While the East Natuna field is clearly within Indonesia’s 200-mile Exclusive Economic Zone under the Law of the Sea Treaty, the field is also within the boundaries of China’s nine-dash line – even though China’s mainland is almost 1,000 miles away.
From Cow’s Tongues to Salami Slicing
China is not just pressing its Cow’s Tongue claim with its growing string of unsinkable aircraft carrier islands. Beijing is also using a clever and coercive “salami slicing” strategy.
As Professor T.X. Hammes of America’s National Defense University explains, “China doesn’t ever put on enough pressure to get a military push back, but uses just enough pressure to seize territory.”
At the tip of China’s salami-slicing spear is its white-hulled China Marine Surveillance force – China’s equivalent of the U.S. Coast Guard.
The former Commander of the U.S. Pacific Fleet, James Fanell – who has ruffled White House feathers for many a blunt statement, said, “Unlike U.S. Coast Guard cutters, China Marine Surveillance cutters have no other mission but to harass other nations into submitting to China’s expansive claims.”
Of course, should trouble arise, always waiting over the coercive horizon are China’s gray-hulled warships – and now China’s growing string of aircraft carriers.
Absent a credible response from the United States and its allies, China will continue to build out its fortress garrisons, further expand its territorial claims, and slowly but surely salami-slice its way to control of the South China Sea – home to one-third of all global shipping and a key gateway for the oil that lights the lamps of East Asia.

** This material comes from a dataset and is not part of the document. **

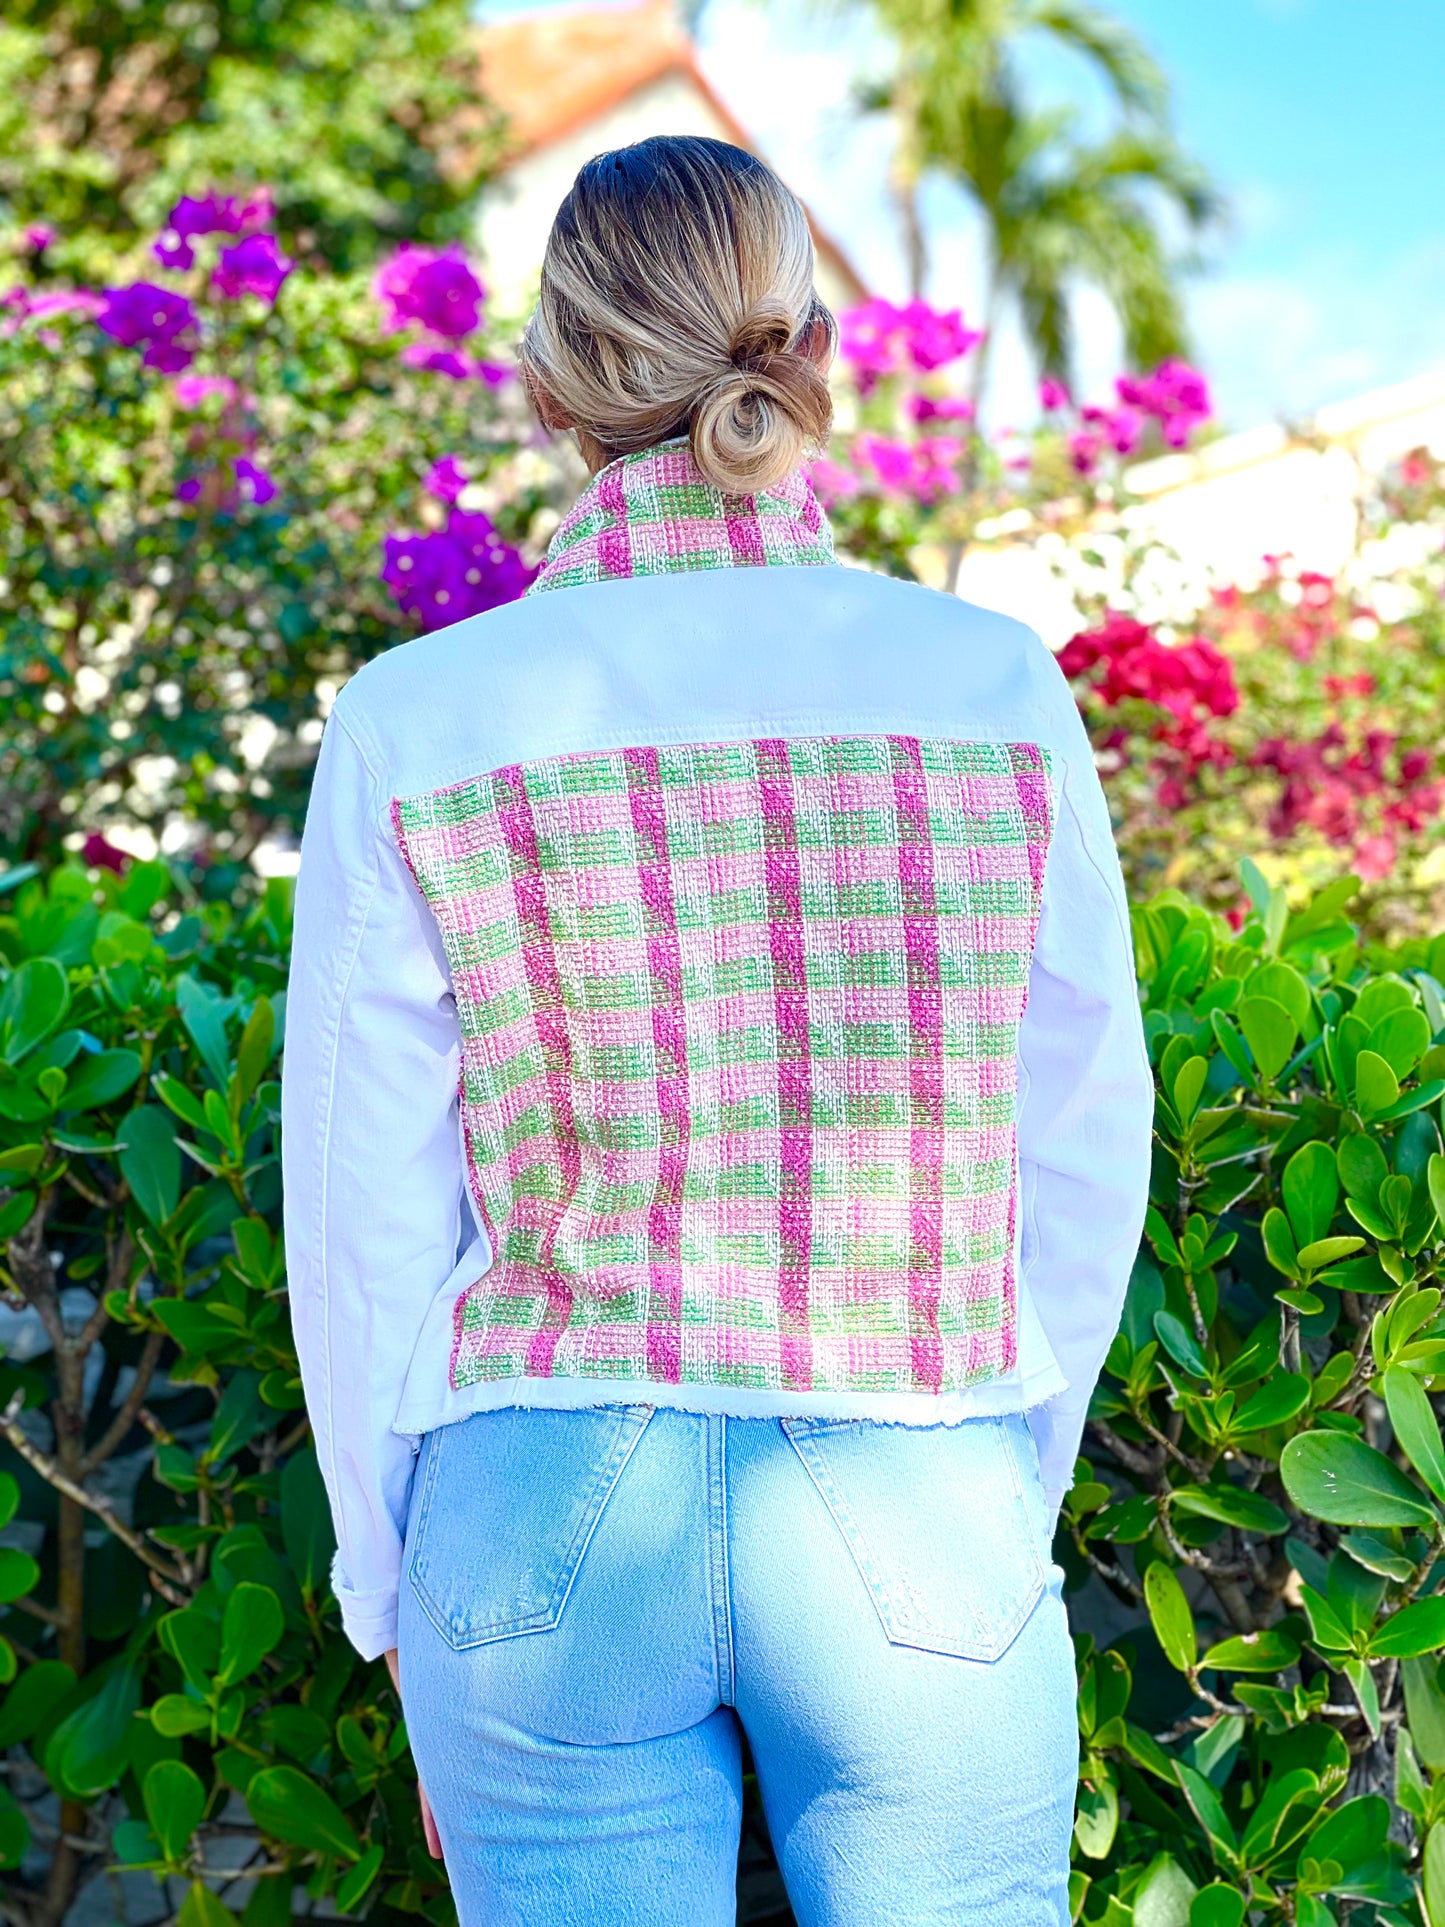 The White Denim Jacket / Pink and Green Tweed

If recent past is prologue, a credible U.S. response is doubtful– much to the increasing consternation of America’s allies in Asia.
Not enough attention to China?
The abiding geopolitical fact here is that when Beijing’s military strategists assess the probability of a credible U.S. pushback, all they see is this:
-
1. A White House distracted by a war on terror and events in the Middle East
2. A U.S. Congress largely focused on other issues
3. A war-weary American public that can’t point to the South China Sea on a map and continues to finance China by buying “Made in China”
4. A rapidly shrinking U.S. naval fleet without sufficient ships to enforce its “Talk Loudly, Carry a Weak Stick” protests
5. A growing arsenal of China’s own weapons increasingly capable of neutralizing U.S. power, while successfully bullying weak neighbors, and
6. A series of presidential election debates in the United States that have focused on everything but Chinese aggression
Beijing is not seeing this chessboard wrong. The question is whether American diplomacy can truly pivot to Asia and make this rapidly deteriorating situation right.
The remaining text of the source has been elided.